[[ Extracted data, beginning ]]
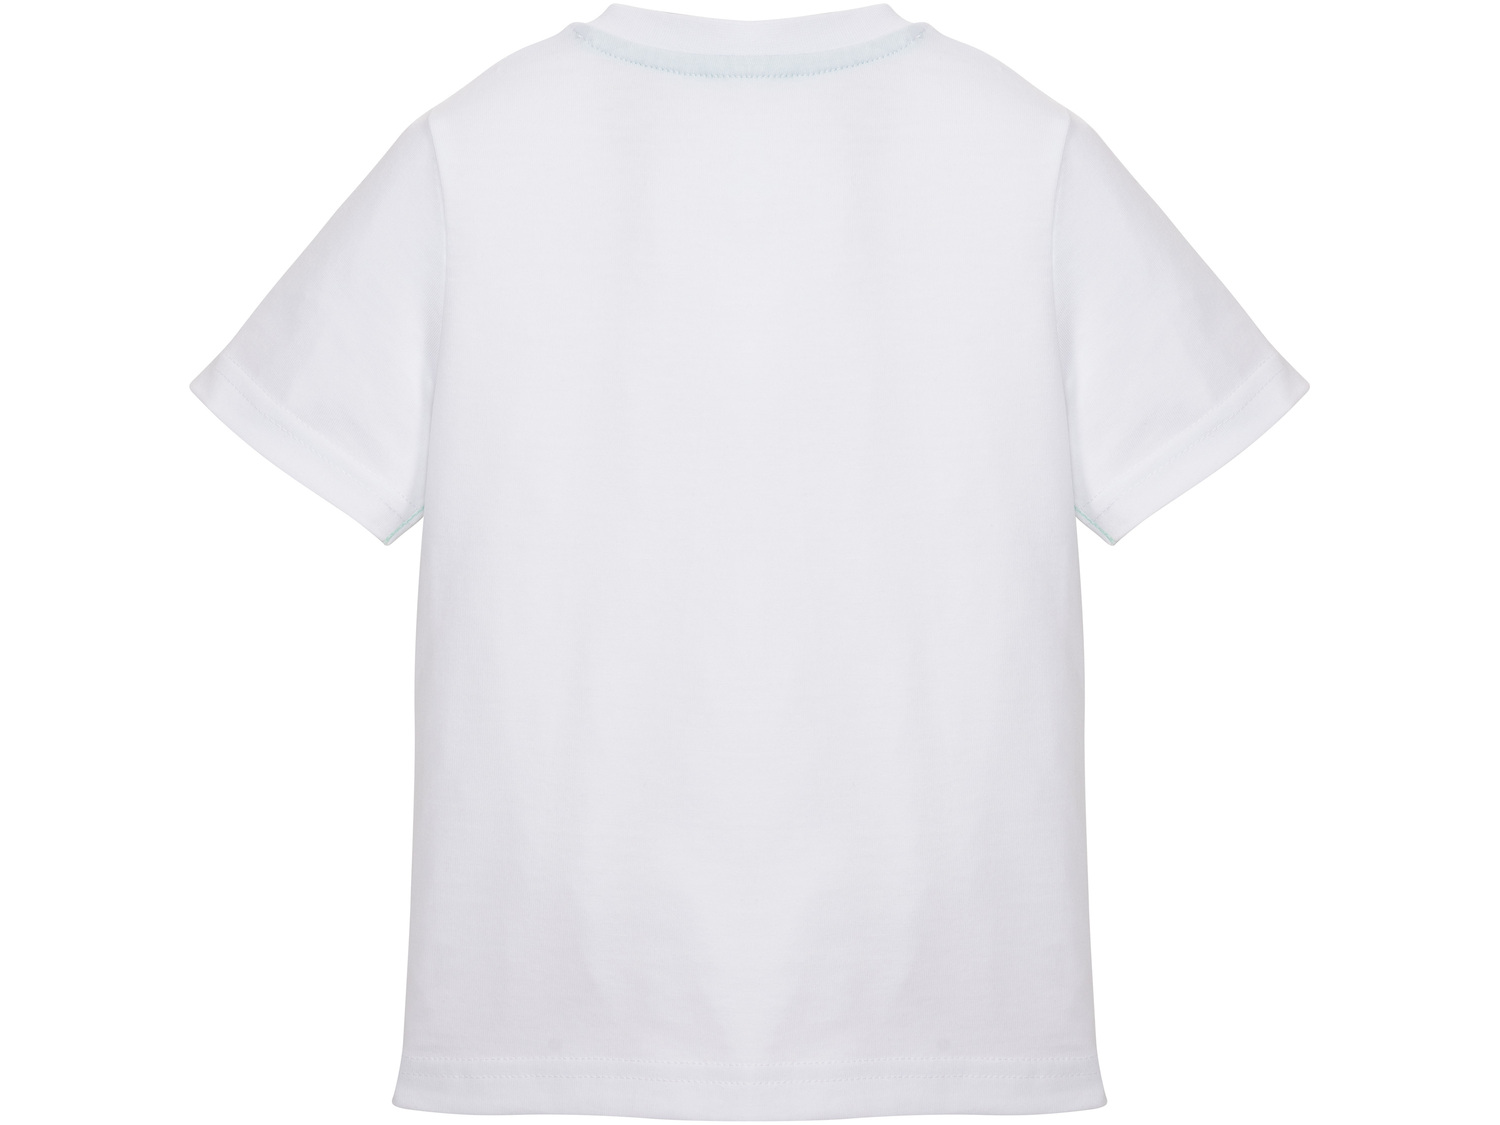 T-shirt chłopięcy Lupilu, cena 7,99 PLN 
- 100% bawełny
- rozmiary: 86-116
Dostępne ...
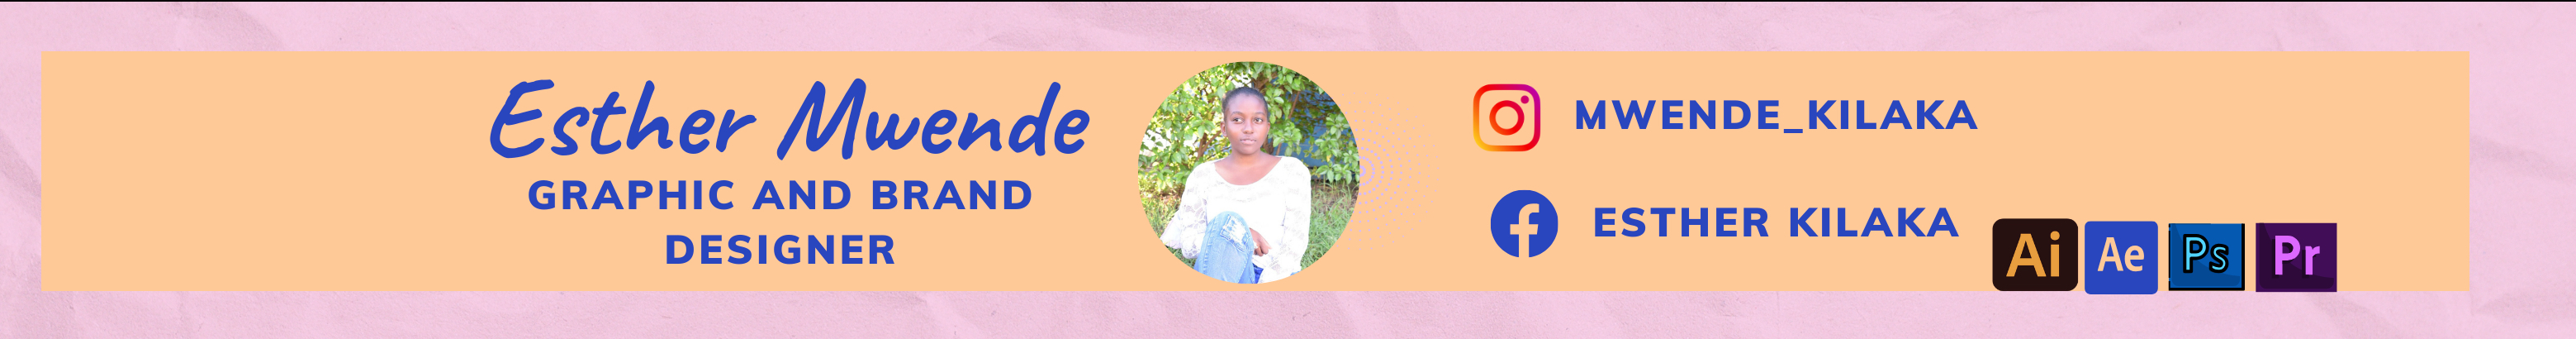 Esther Mwende profil başlığı
[[ Extracted data, end ]]
▶ **Work task**
Only the lines from the one containing "- 100% bawełny" through the last line of the entries above belong in the copy; reproduce them exactly and drop every picture.

▶ **Exercise answer**
- 100% bawełny
- rozmiary: 86-116
Dostępne ...
 Esther Mwende profil başlığı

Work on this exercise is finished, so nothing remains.